If pictures appear among the lines below, leave them out while you return exactly the lines from the one with "For their latest" through the one with "with people. I&rsquo;d".

DATA FOR THE TASK =
☆ ☆ ☆ ☆

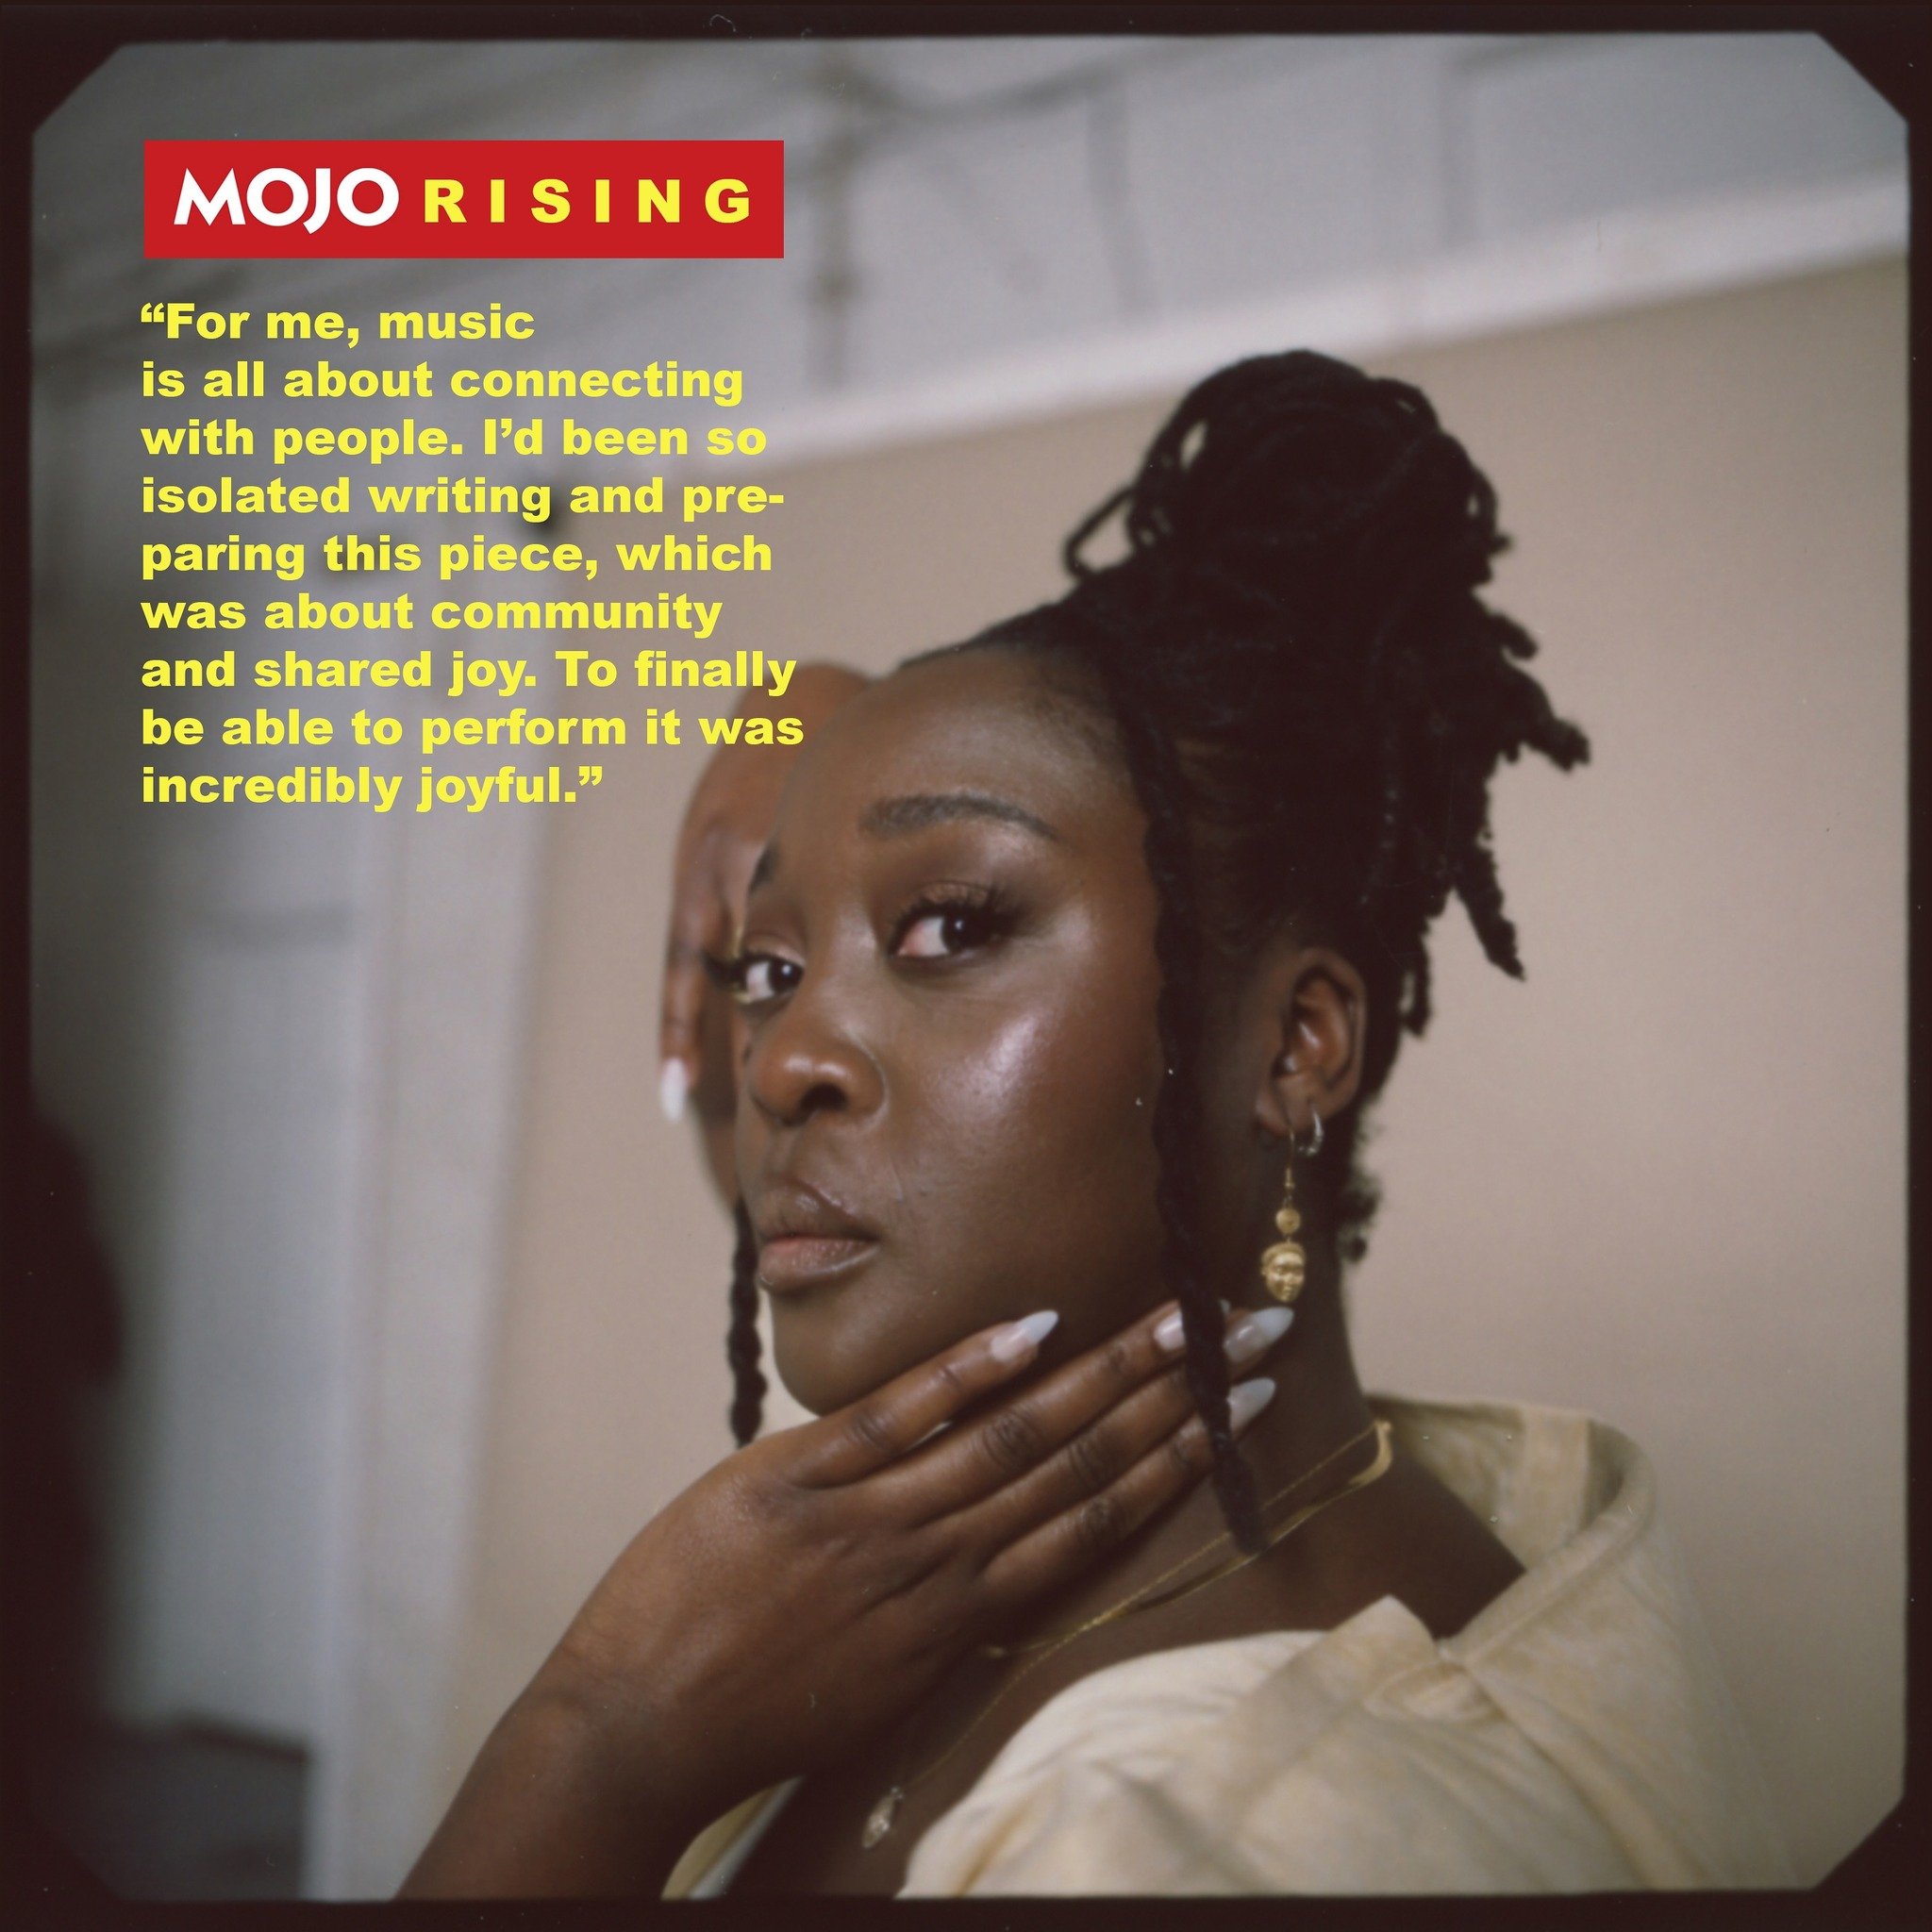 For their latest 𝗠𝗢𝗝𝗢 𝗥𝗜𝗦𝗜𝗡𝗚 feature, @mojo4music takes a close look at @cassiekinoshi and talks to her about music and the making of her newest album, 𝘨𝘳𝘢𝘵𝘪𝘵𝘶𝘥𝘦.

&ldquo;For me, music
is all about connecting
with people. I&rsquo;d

☆ ☆ ☆ ☆

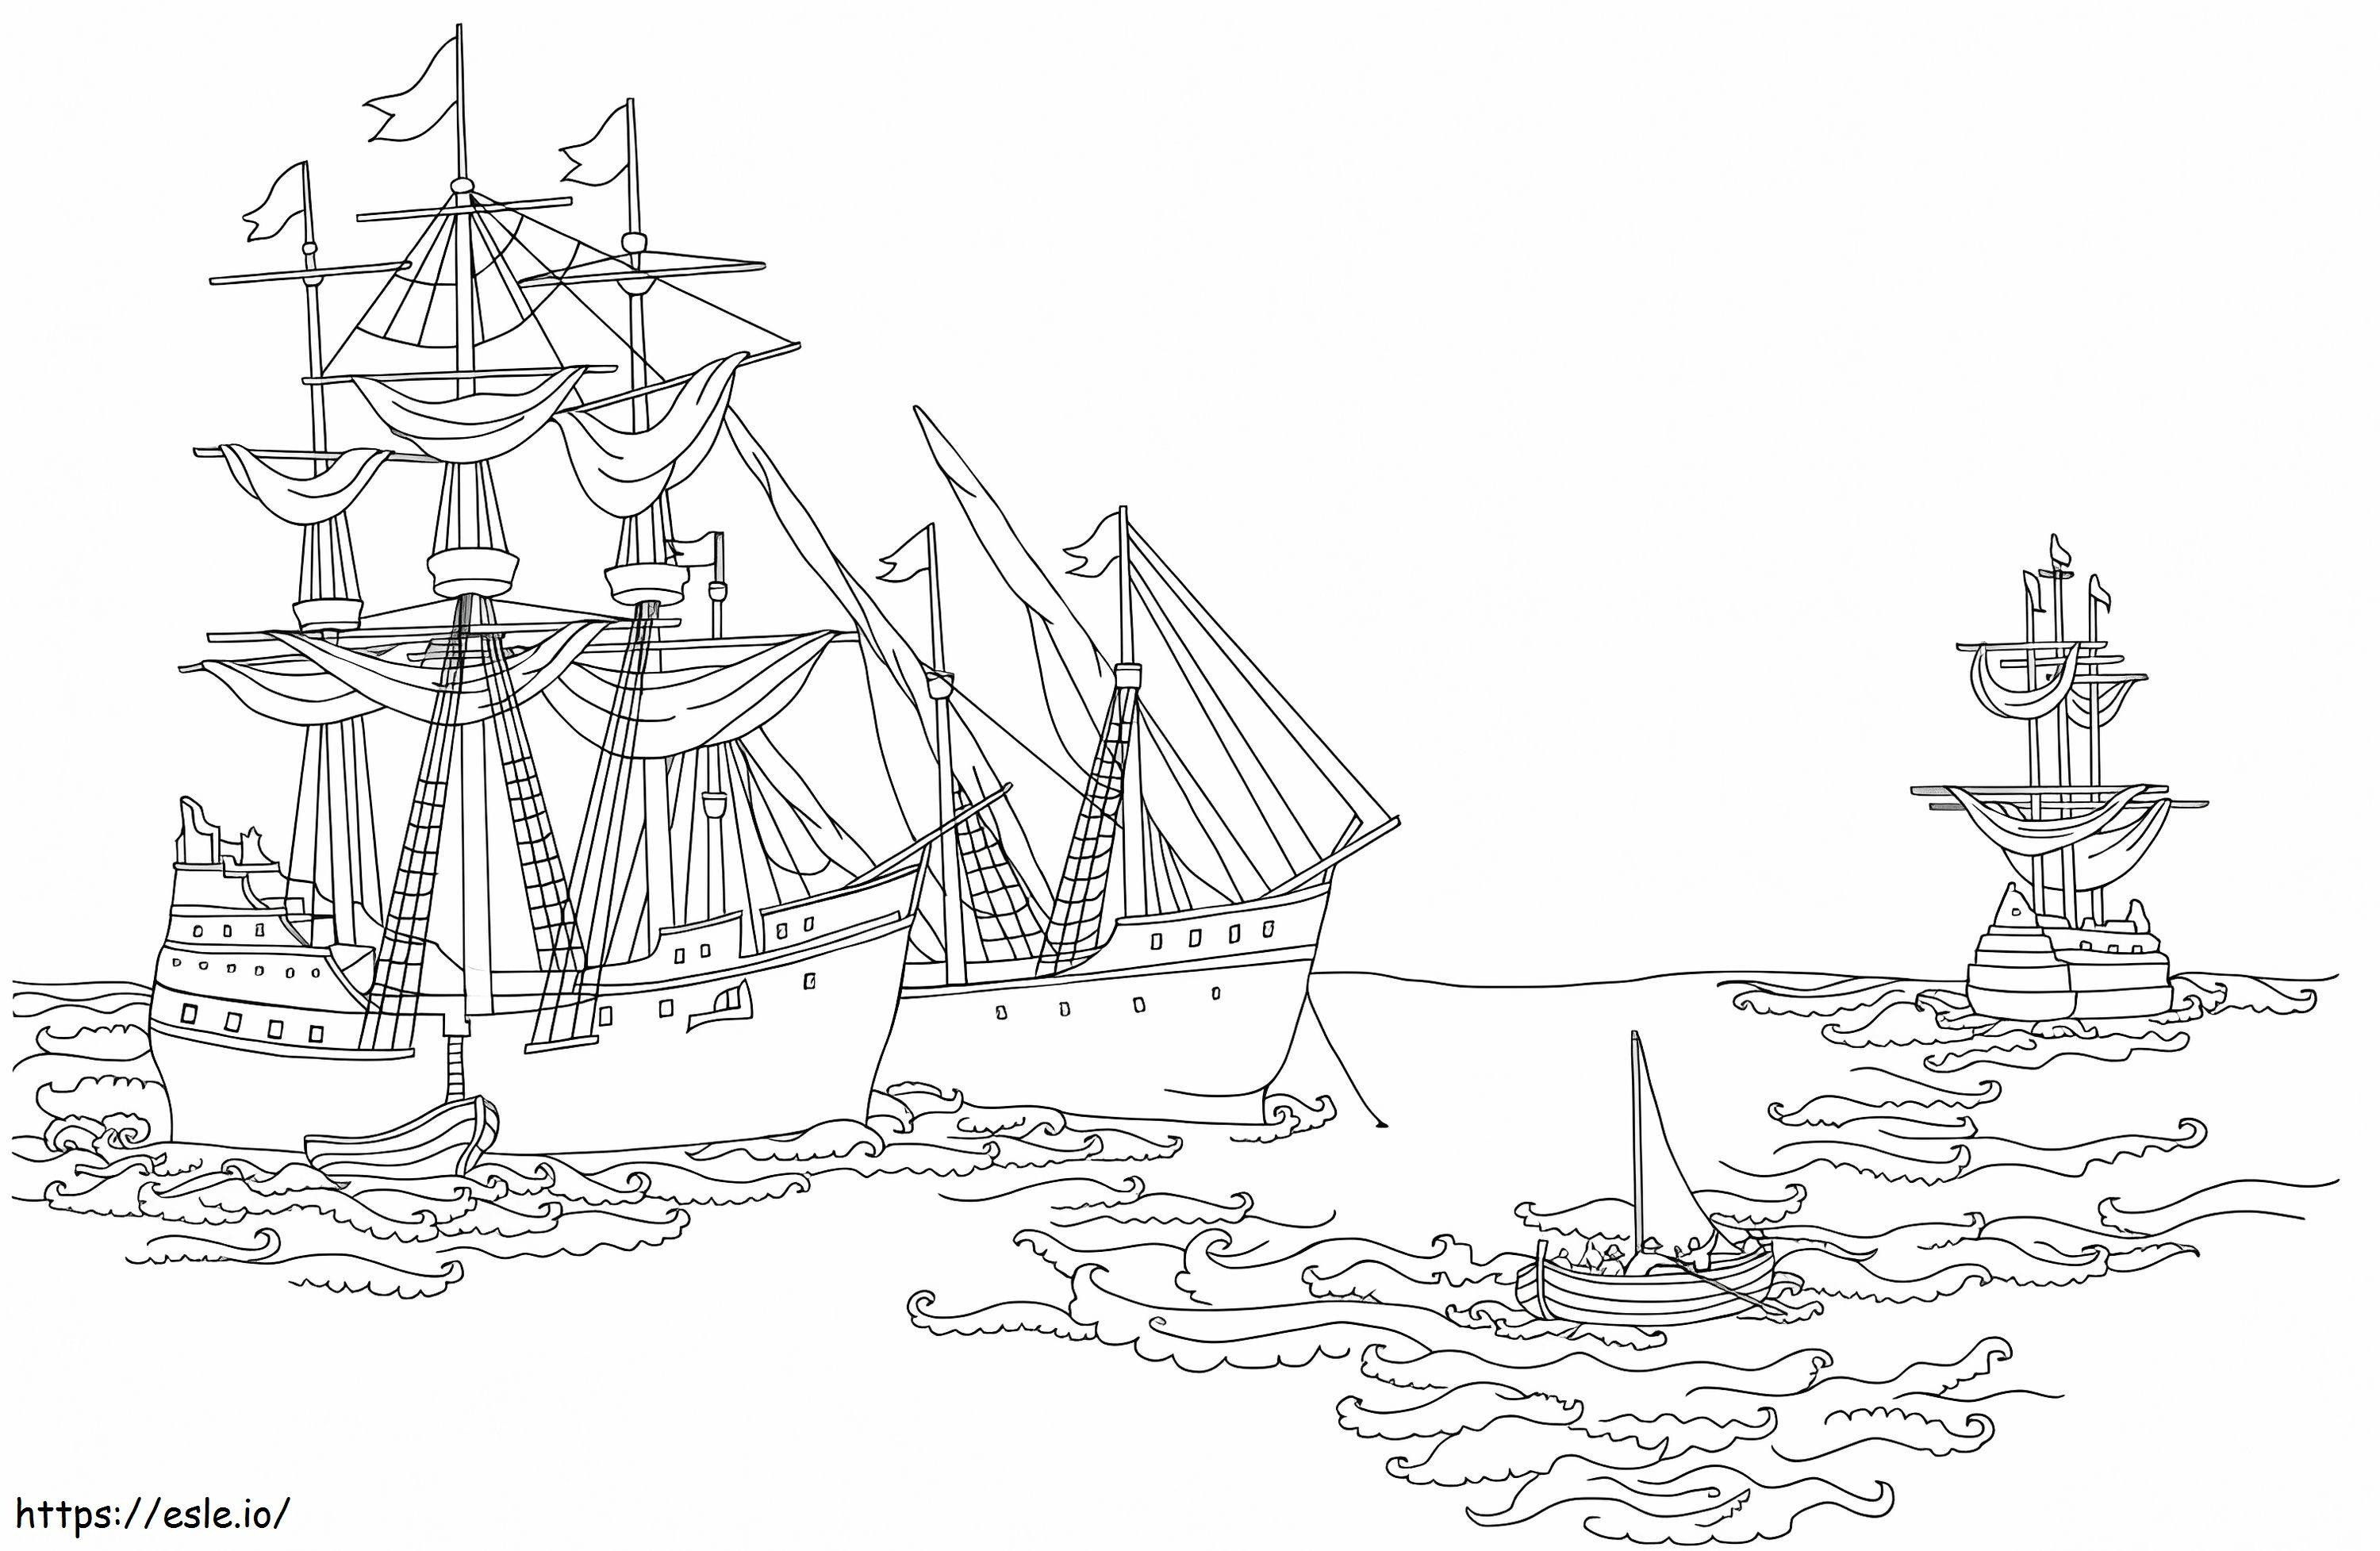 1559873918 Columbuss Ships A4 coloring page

☆ ☆ ☆ ☆

ANSWER BOX =
 For their latest 𝗠𝗢𝗝𝗢 𝗥𝗜𝗦𝗜𝗡𝗚 feature, @mojo4music takes a close look at @cassiekinoshi and talks to her about music and the making of her newest album, 𝘨𝘳𝘢𝘵𝘪𝘵𝘶𝘥𝘦.

&ldquo;For me, music
is all about connecting
with people. I&rsquo;d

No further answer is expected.